Sin embargo, el neologismo tecnológico que mejor define el momento actual es 'mierdificación' (enshittification), referido al rápido y profundo deterioro de las plataformas y servicios de Internet que todos conocemos, desde Facebook, X y Google hasta Amazon, Uber o TikTok.

El responsable de acuñar este explícito término es el canadiense Cory Doctorow, activista en defensa de los derechos de los internautas, ingeniero informático, periodista y escritor de ciencia ficción que ha publicado en EEUU el libro Enshittification: Why Everything Suddenly Got Worse and What To Do About It, que Capitán Swing editará en España a lo largo de 2026.

En conversación con EL ESPAÑOL-Omicrono, Doctorow recuerda cómo empezó a irse todo... a la mierda. "Tenía problemas para usar TripAdvisor mientras estaba de vacaciones, porque la conexión era lenta y la web tiene tantos rastreadores que se bloqueaba todo el rato. En un arranque de ira, tuiteé: “¿Alguien de TripAdvisor ha viajado alguna vez en su vida? Es el sitio web más ‘mierdificado’ que he usado nunca”.

El éxito del término no fue instantáneo, pero se fue asentando poco a poco en su blog, en artículos periodísticos de órbita anglosajona y en las redes sociales, hasta el punto de ser reconocido en 2024 como palabra del año por el prestigioso Diccionario Macquarie y la American Dialect Society. “Que tanta gente lo haya adoptado es característico de una frustración muy generalizada”, sostiene el también autor de novelas y relatos de ciencia ficción como Radicalizado o Walkaway.

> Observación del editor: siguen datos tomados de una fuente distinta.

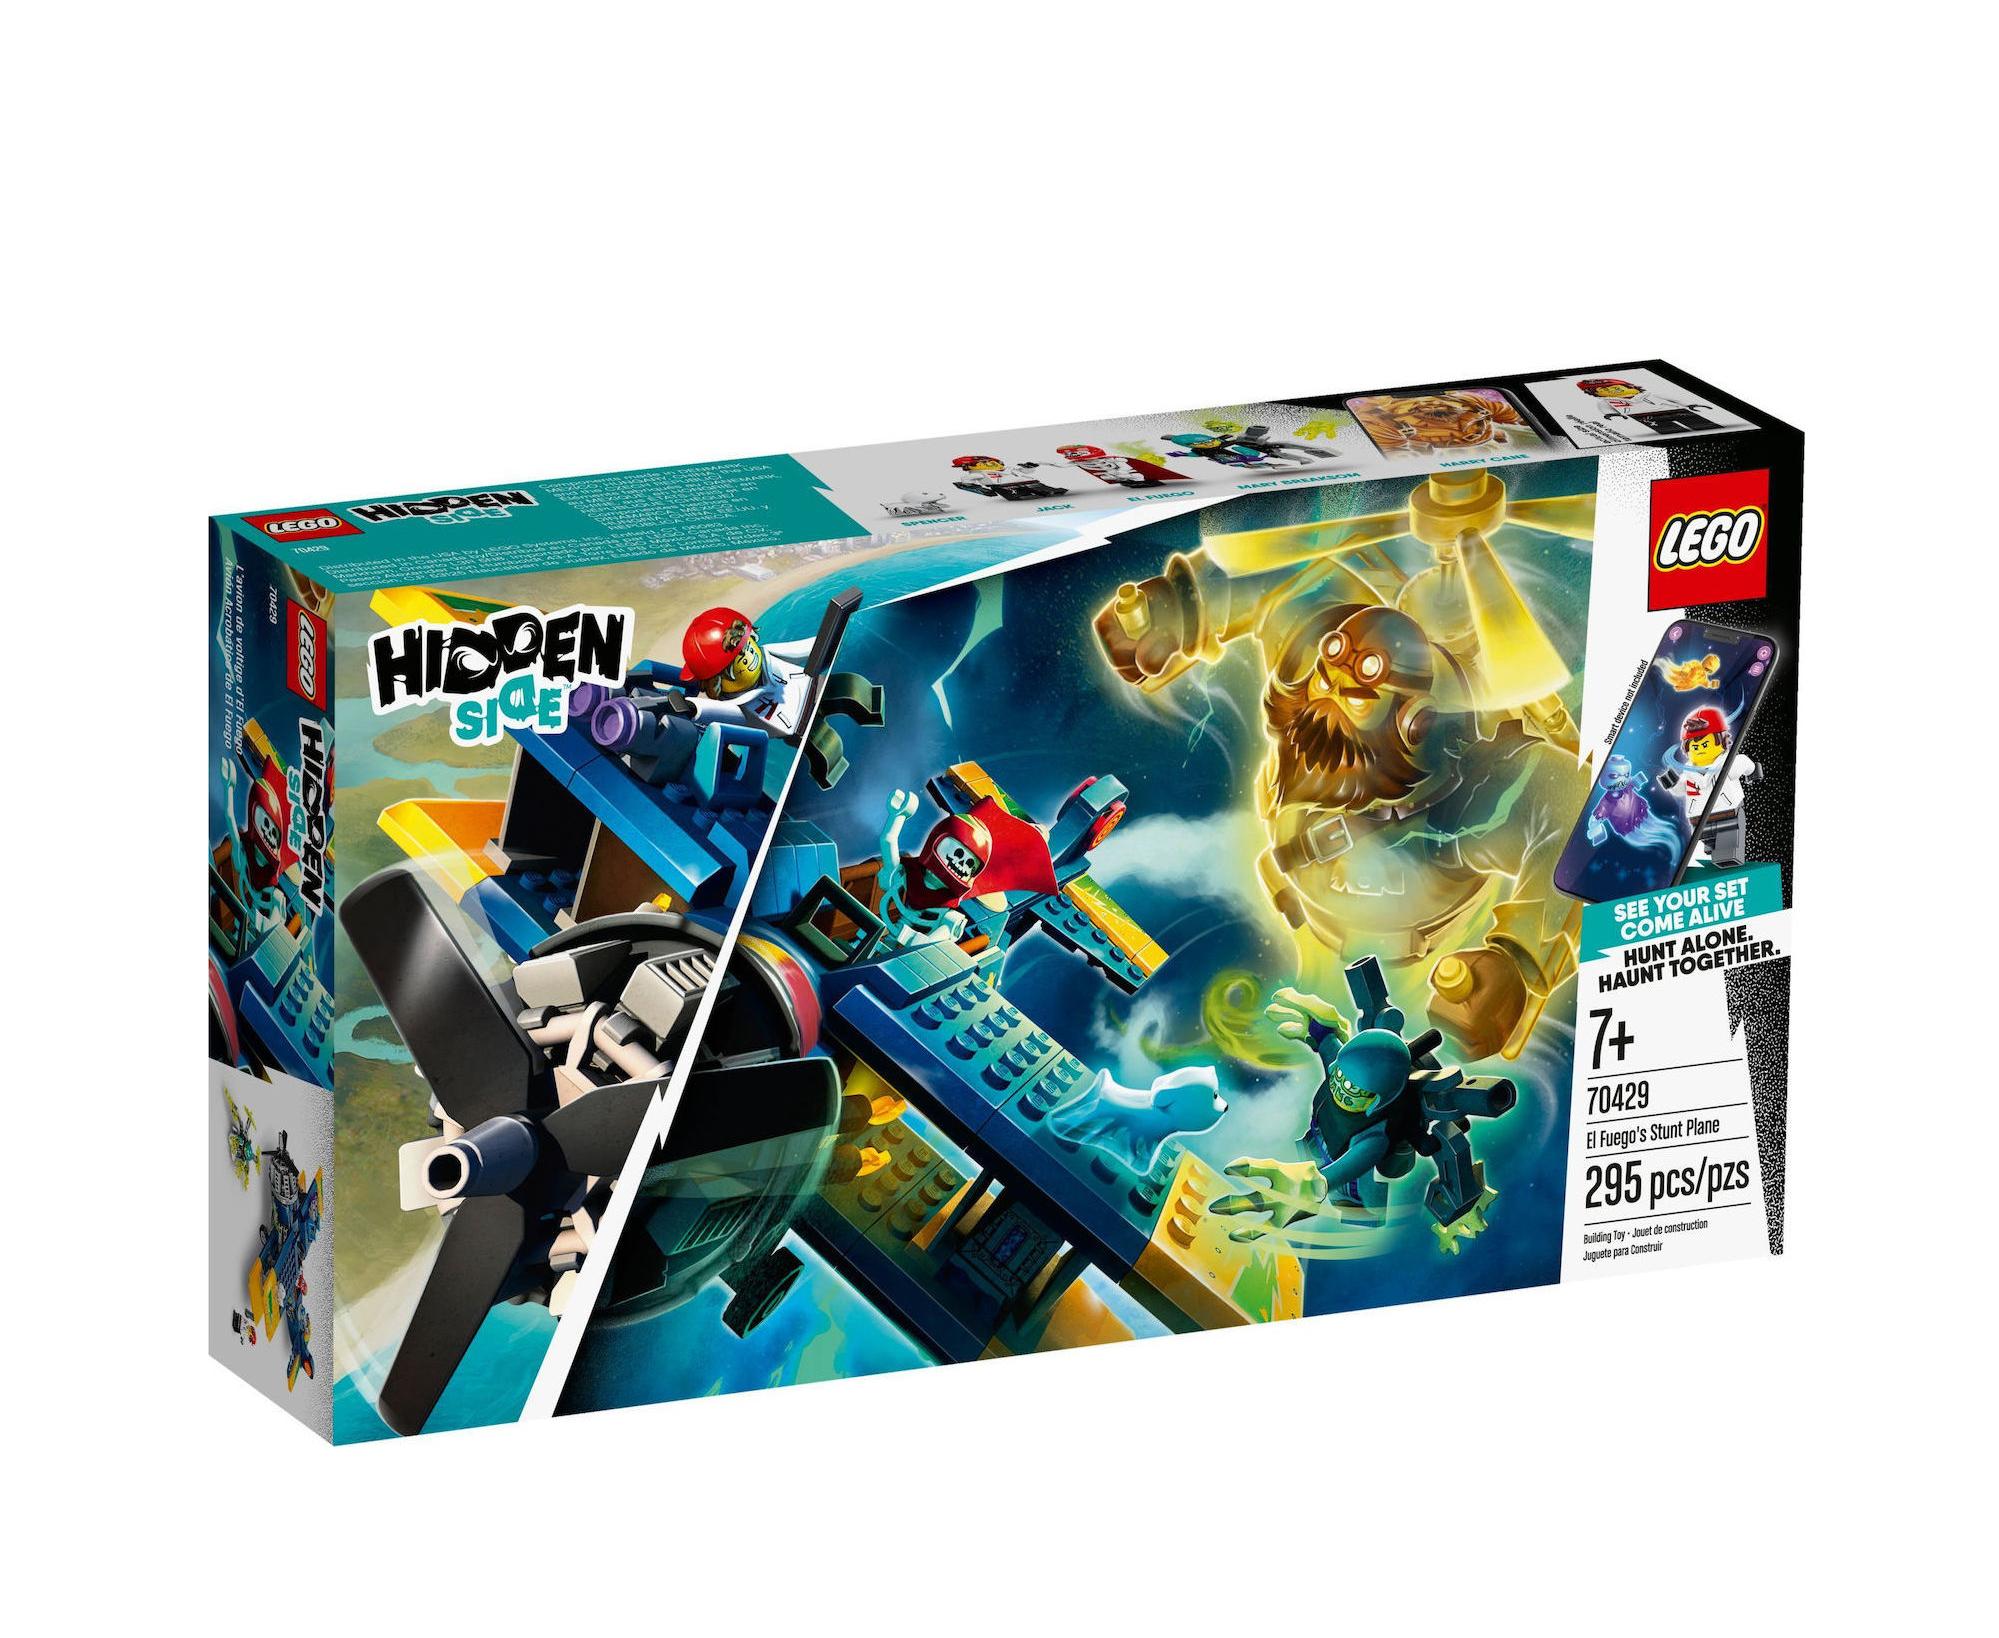 Lego Hidden Side: El Fuego's Stunt Plane 70429

Más allá de explicar los síntomas y el diagnóstico de esta epidemia, Doctorow aprovecha el tercio final del libro para ofrecer posibles curas: propuestas de regulación y acción colectiva que pretenden combatir la 'mierdificación' que se ha extendido por Internet y amenaza con inundar el mundo físico. ¿O cómo llamaríamos a la obligación de pagar una suscripción para tener funciones de conectividad en los Tesla?

Proceso de 'mierdificación'

“Al principio, las plataformas son buenas para sus usuarios", explica Doctorow en el libro. "Luego abusan de ellos para mejorar las cosas para sus clientes empresariales. A continuación, abusan de esos clientes empresariales para recuperar todo el valor para sí mismas. Finalmente, se han convertido en un gigantesco montón de mierda”.

Este esquema, repetido ad nauseam, es el que domina el Internet actual. Y lo hace envuelto en otros términos y eufemismos de lo más siniestro: los precios dinámicos de vuelos, habitaciones de hotel y entradas, los patrones oscuros en las webs que llevan a los usuarios a aceptar cosas que no les convienen, suscripciones premium con anuncios y funciones bloqueadas, renovaciones obligatorias de términos y condiciones de servicio con cláusulas abusivas... La lista es interminable.

Por eso es tan relevante describir el proceso de 'mierdificación', en una suerte de ingeniería inversa en la que Doctorow destripa los pasos que dan las plataformas para ofrecer servicios cada vez peores, más irritantes y más caros.

Un ordenador con Facebook abierto en el navegador.

Un ordenador con Facebook abierto en el navegador. Unsplash Omicrono

El caso de Facebook es el más paradigmático y el que ha creado escuela. En la primera fase, en aquellos ya lejanos años 2000, la red social ofrecía visibilidad orgánica y gratuita entre amigos y familiares, sin apenas fricción para el usuario, lo que provocó que cientos de millones de personas se dieran de alta y utilizaran la plataforma a diario.

Tras esos primeros años de crecimiento, empezó la segunda fase: ​se degradó el alcance orgánico para usuarios y medios, se llenó el feed de contenido recomendado y anuncios muy segmentados, y había que pagar para que tus propios seguidores vieran tus publicaciones.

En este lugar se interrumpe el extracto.